Write every line of the material again exactly, with no pictures in the copy.

- [RAW DATA]
Segment Open

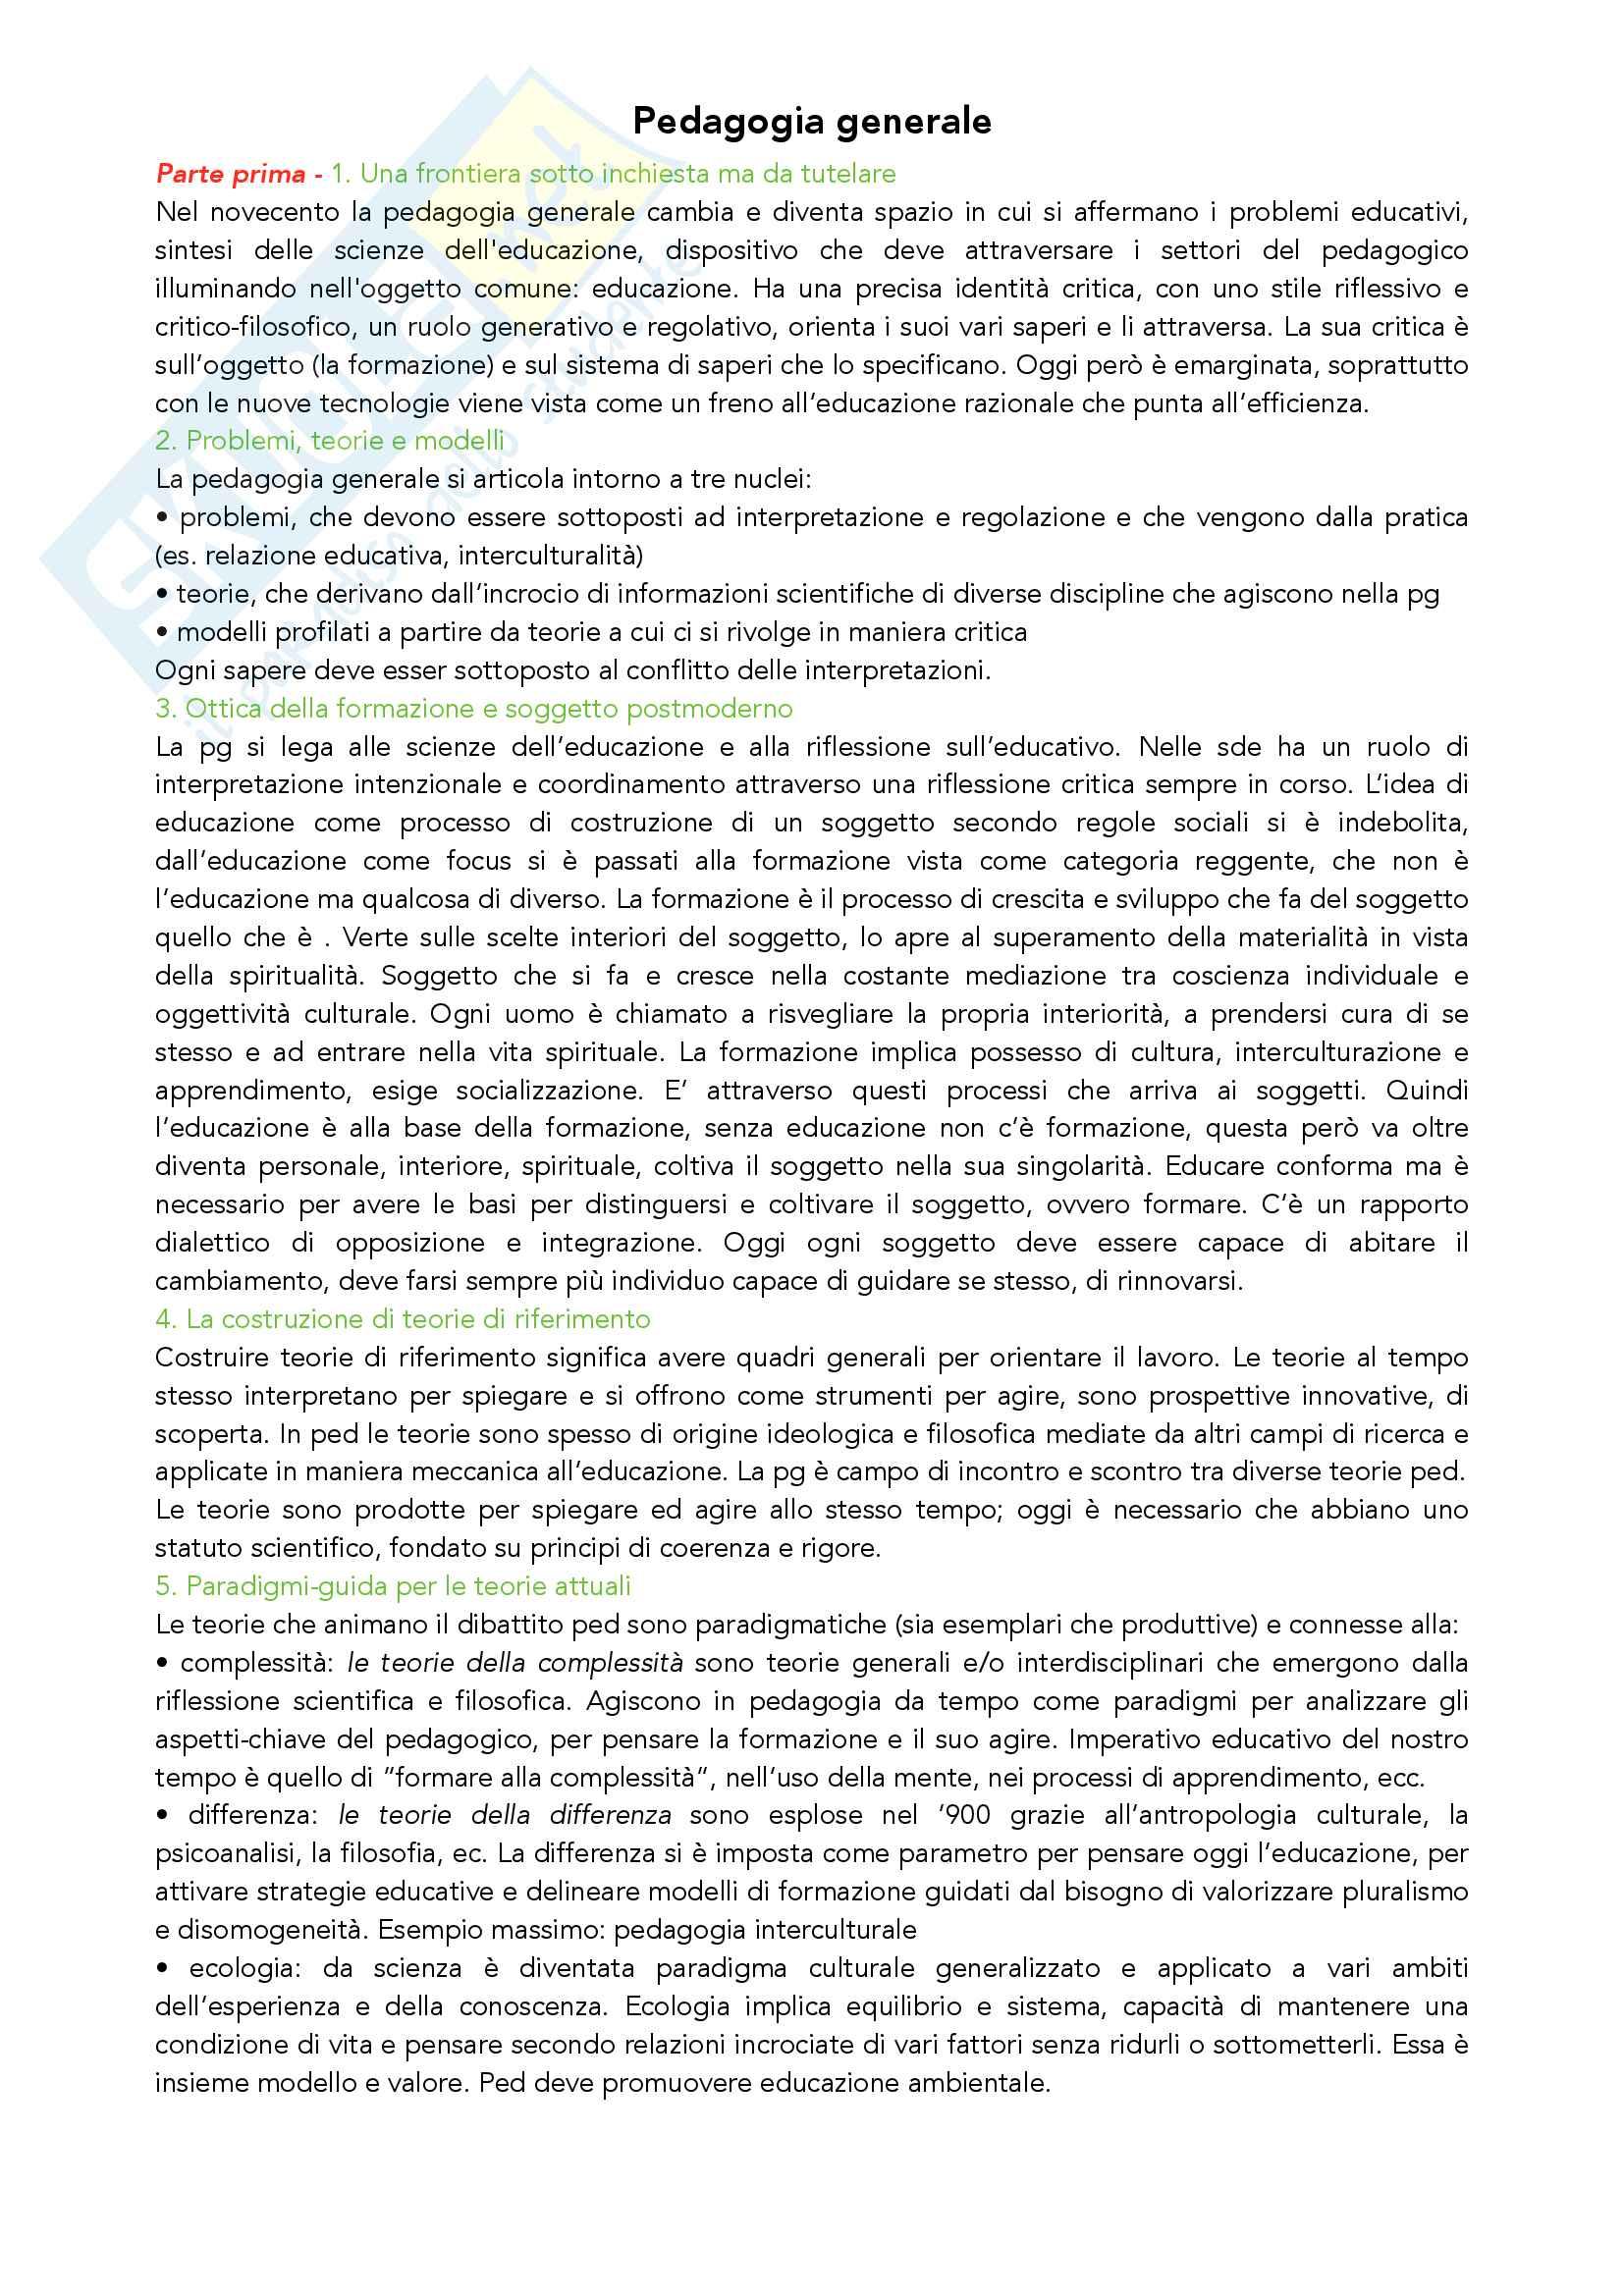 Riassunto esame Pedagogia Generale, prof. Madrussan, libro consigliato Pedagogia Generale, Cambi
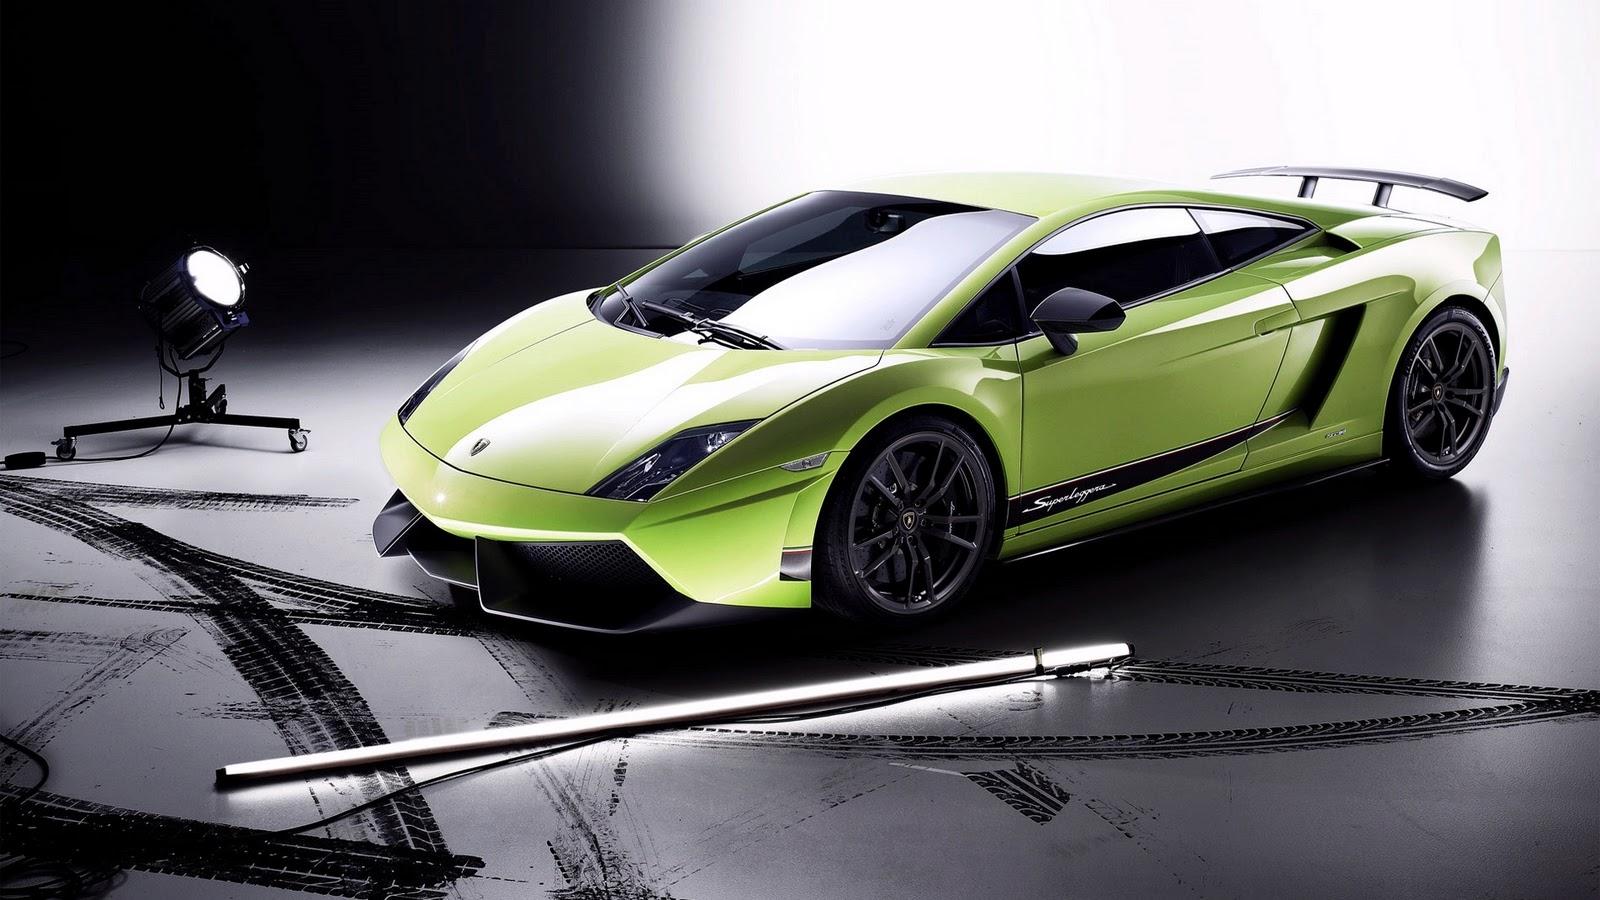 http://2.bp.blogspot.com/_v5h2qxDB1io/TTv6c9rhBTI/AAAAAAAABhM/ew-ZKm0tmp4/s1600/Green+Lamborghini+Gallardo.jpg
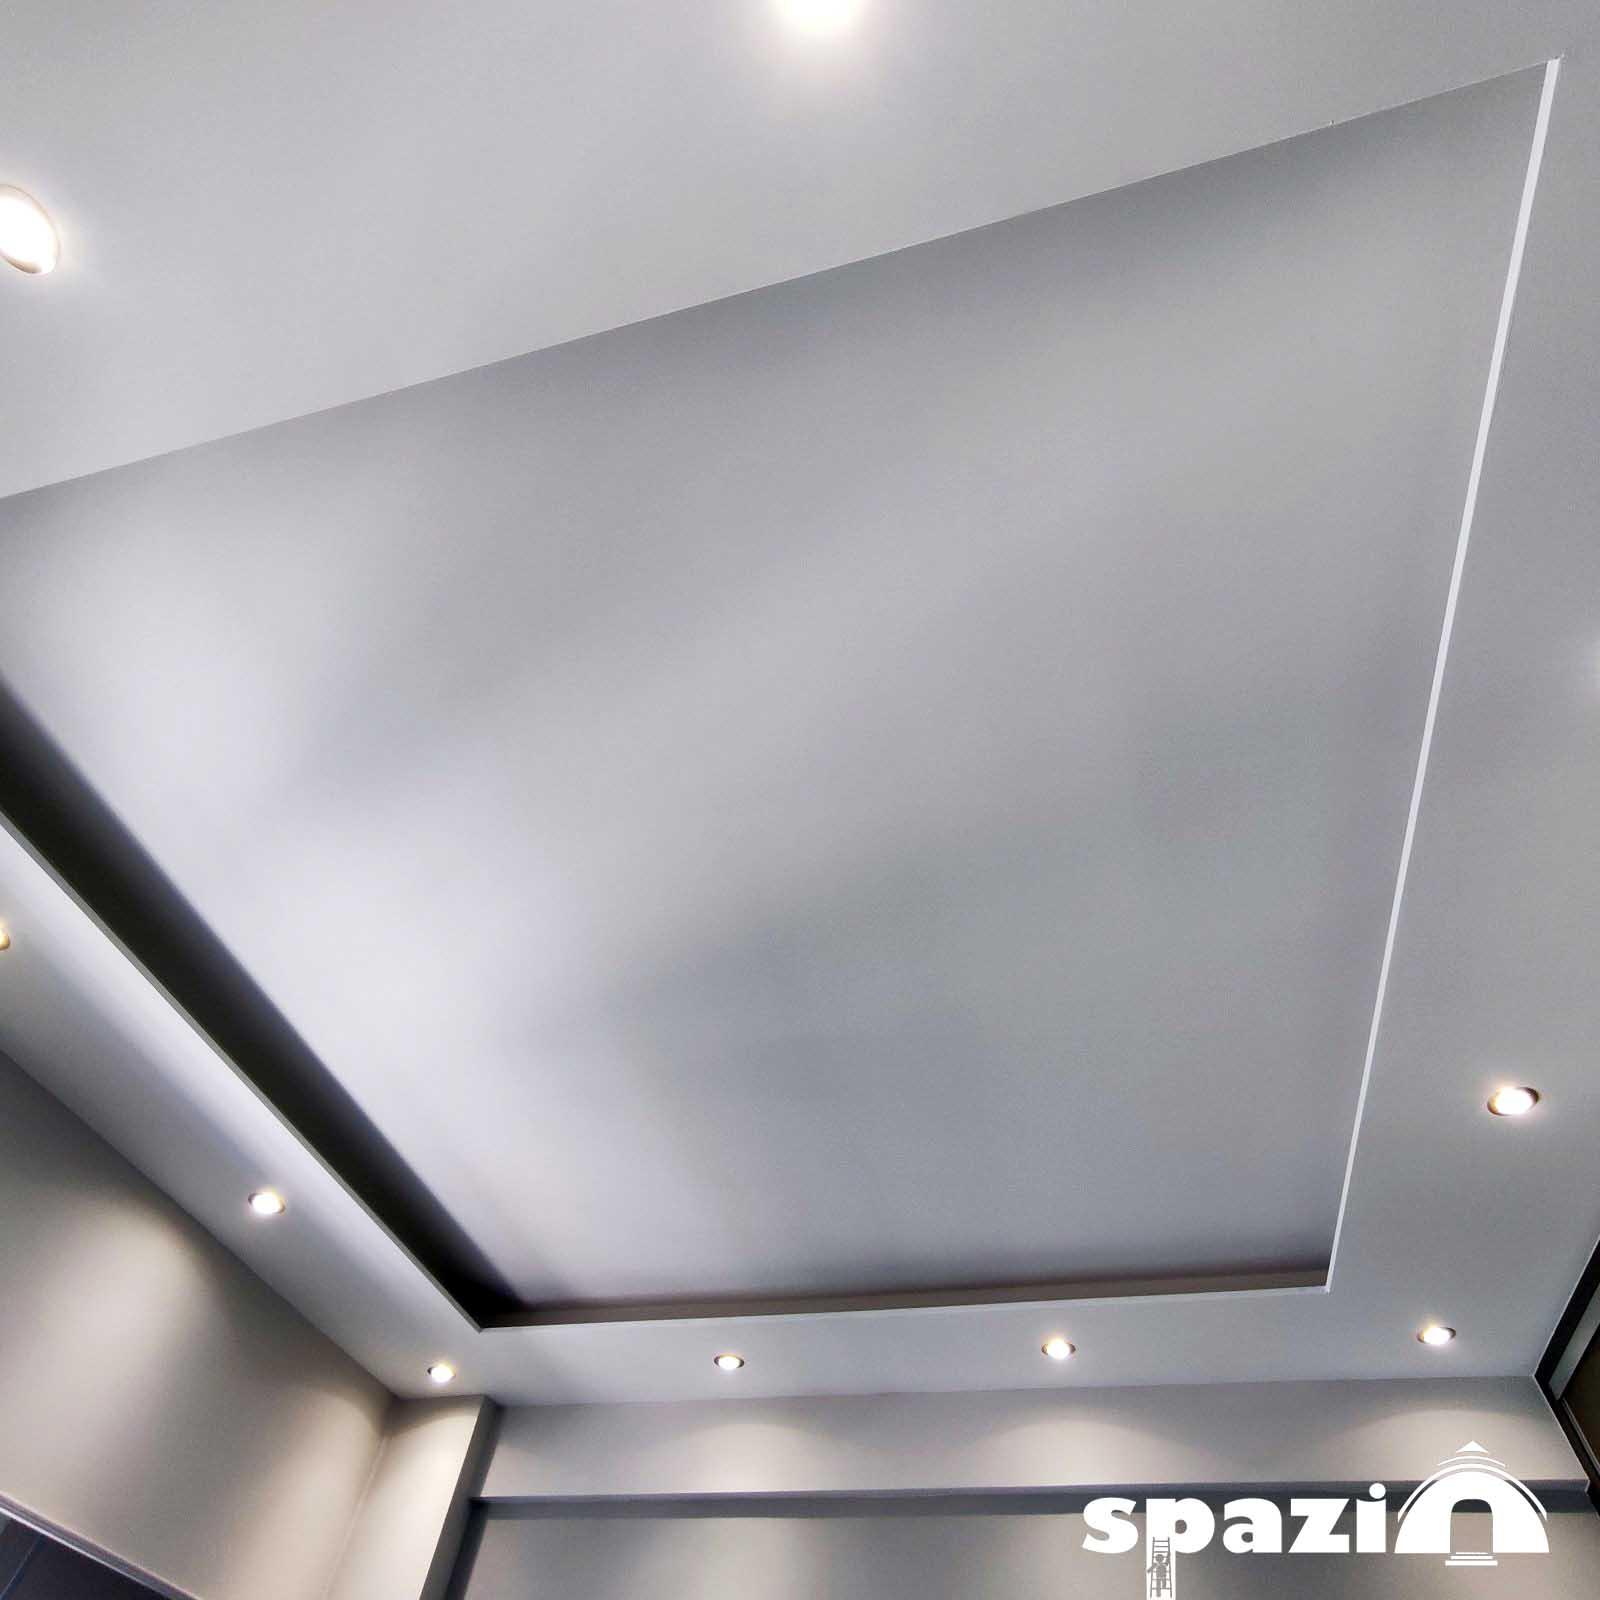 spazio_sepolia_11.jpg

Segment Closed

- [RESULT]
 Riassunto esame Pedagogia Generale, prof. Madrussan, libro consigliato Pedagogia Generale, Cambi
 http://2.bp.blogspot.com/_v5h2qxDB1io/TTv6c9rhBTI/AAAAAAAABhM/ew-ZKm0tmp4/s1600/Green+Lamborghini+Gallardo.jpg
 spazio_sepolia_11.jpg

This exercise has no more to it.